In Latin America, you’re dealing with over 30 countries - but mostly just two languages: Portuguese and Spanish. That reduces complexity significantly. Asia is fundamentally different. Languages, cultures, and business norms vary dramatically between Japan, China, Southeast Asia, and India. The cultural intersections are much smaller, which means you have to connect locally in very different ways.
Another major difference is economic dependency. Historically, Latin America has been closely tied to the U.S. and Europe. Asia is far more independent - economically and in terms of identity. If the U.S. and Europe slow down, Latin America feels it immediately. The world, however, cannot simply “shut down” Asia.
What’s exciting in Asia is that innovation is increasingly local. Companies are being built here and scaling globally. That fundamentally changes the GTM dynamic.

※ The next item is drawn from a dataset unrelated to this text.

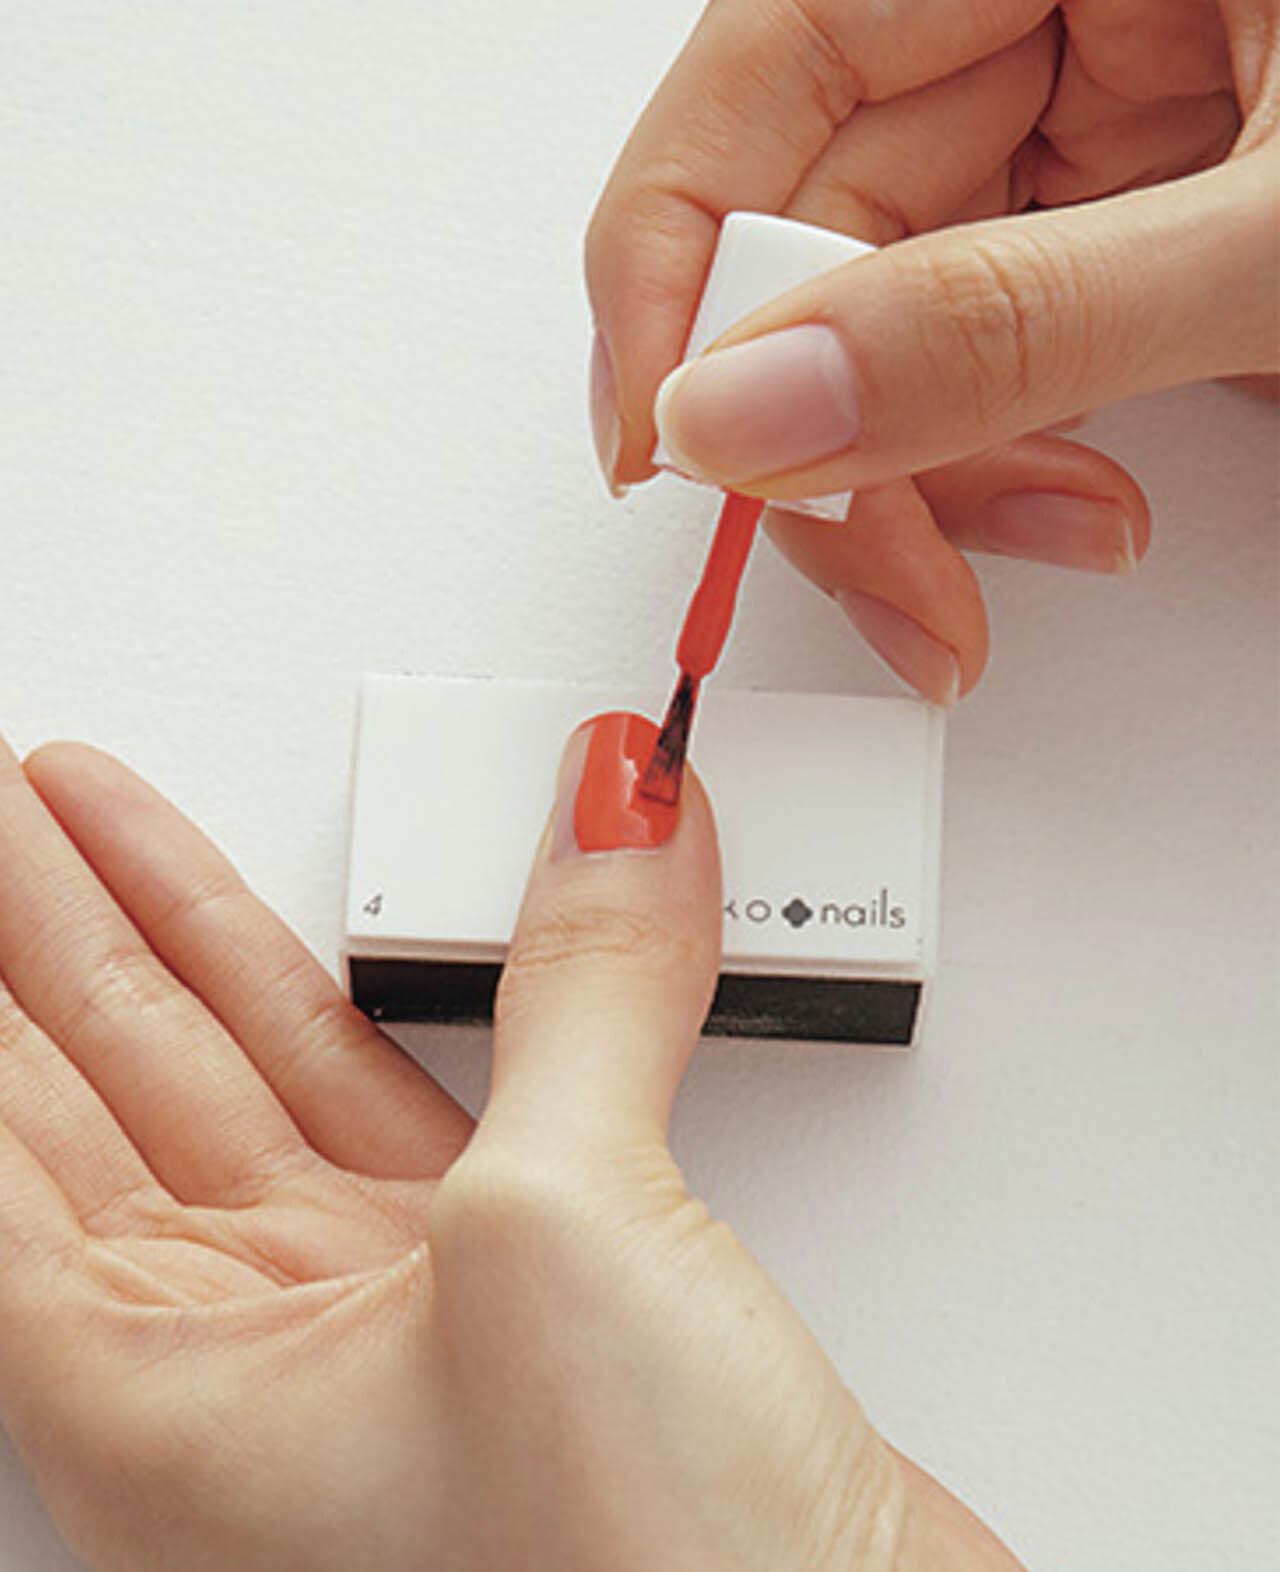 4.サイドを塗る際は、筆の角を使うと、はみ出しづらい。1度目の色のムラを消すことを意識しながら再度塗り、トップコートで完成

Q: How do you get highly diverse teams across cultures and time zones to truly work as one?
Rodrigo: The most important thing I’ve learned is to listen first.

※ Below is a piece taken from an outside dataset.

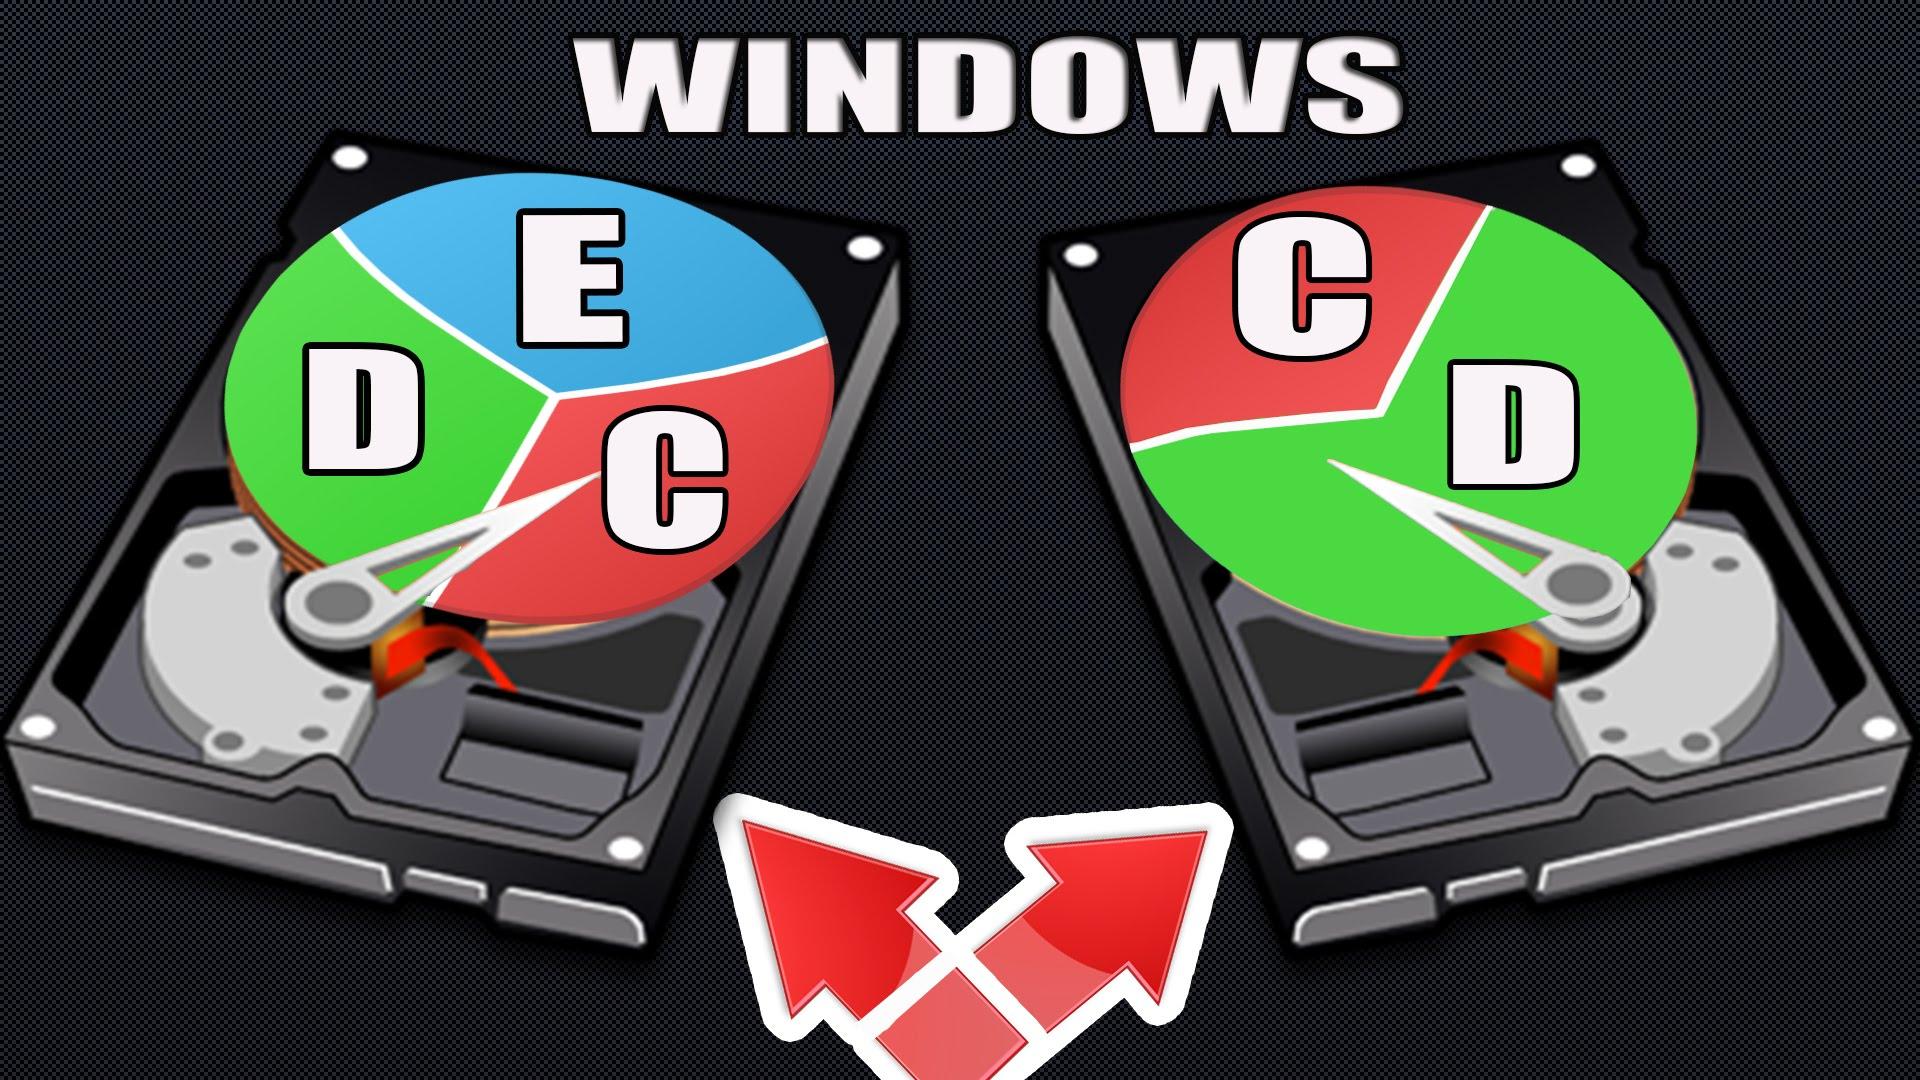 Как соединить два логических диска

People often over-index on differences - but in reality, we’re far more similar than we think. We all have families, ambitions, and pride in our work. When I brought my Asia leadership team to Seattle recently, people at HQ were surprised by how close-knit we were — how much we trusted and defended each other.
That trust comes from curiosity and humility. When you land in a new market, you must assume that what worked for you over the past ten years may not be the best answer anymore. That’s not a natural muscle for leaders - but it’s essential.
Q: Microsoft is at the forefront of AI. Where do you see enterprise AI adoption taking hold first, and why?
Rodrigo: AI is fundamentally different from past technology waves. The PC, internet, and cloud were largely about democratizing technology - making powerful tools cheaper and more accessible. AI, however, is about democratizing knowledge.
For the first time, expertise that once sat with a small group of specialists can be made available, on demand, to anyone inside an organization. That shift has far-reaching implications for how work gets done, how decisions are made, and how value is created.
In the near term, adoption is happening fastest where there’s a clear combination of three factors: labor‑intensive processes, large volumes of data or documents, and well‑defined rules or frameworks. That’s why areas like customer support, compliance, KYC, and financial crime are seeing rapid traction - the problems are well scoped, the data already exists, and the impact is easy to measure.
The ROI in these use cases is very clear. Machines already outperform humans in many of these workflows - not because people aren’t capable, but because AI doesn’t get tired, doesn’t miss details, and can operate consistently at massive scale. Once organizations see that impact in one function, it becomes much easier to expand AI into adjacent workflows.
Q: What do you think is the biggest challenge enterprises face in adopting AI meaningfully?
Rodrigo: The challenge isn’t experimentation - it’s integration.
Many enterprises are running dozens, sometimes hundreds, of AI pilots. The problem is that these pilots often live on the edges of the organization, disconnected from core systems, incentives, and decision-making. As a result, they generate excitement, but very little sustained impact.
AI’s real value emerges only when it is deeply embedded into day-to-day workflows - not as a standalone tool, but as an invisible layer that augments how people actually work. Over time, every employee will have an AI companion, much like everyone has Excel today. People will build agents the way they once built spreadsheets - to manage information, automate repetitive tasks, and support better decisions in real time.
This shift requires enterprises to rethink processes end to end. It’s not about adding AI on top of existing workflows, but redesigning those workflows with AI at the core - redefining roles, changing handoffs, and updating how performance is measured.
The companies that ultimately win won’t be the ones running the most pilots. They’ll be the ones willing to do the harder work of re‑architecting their operating models around AI, so that productivity gains and decision quality compound across the organization.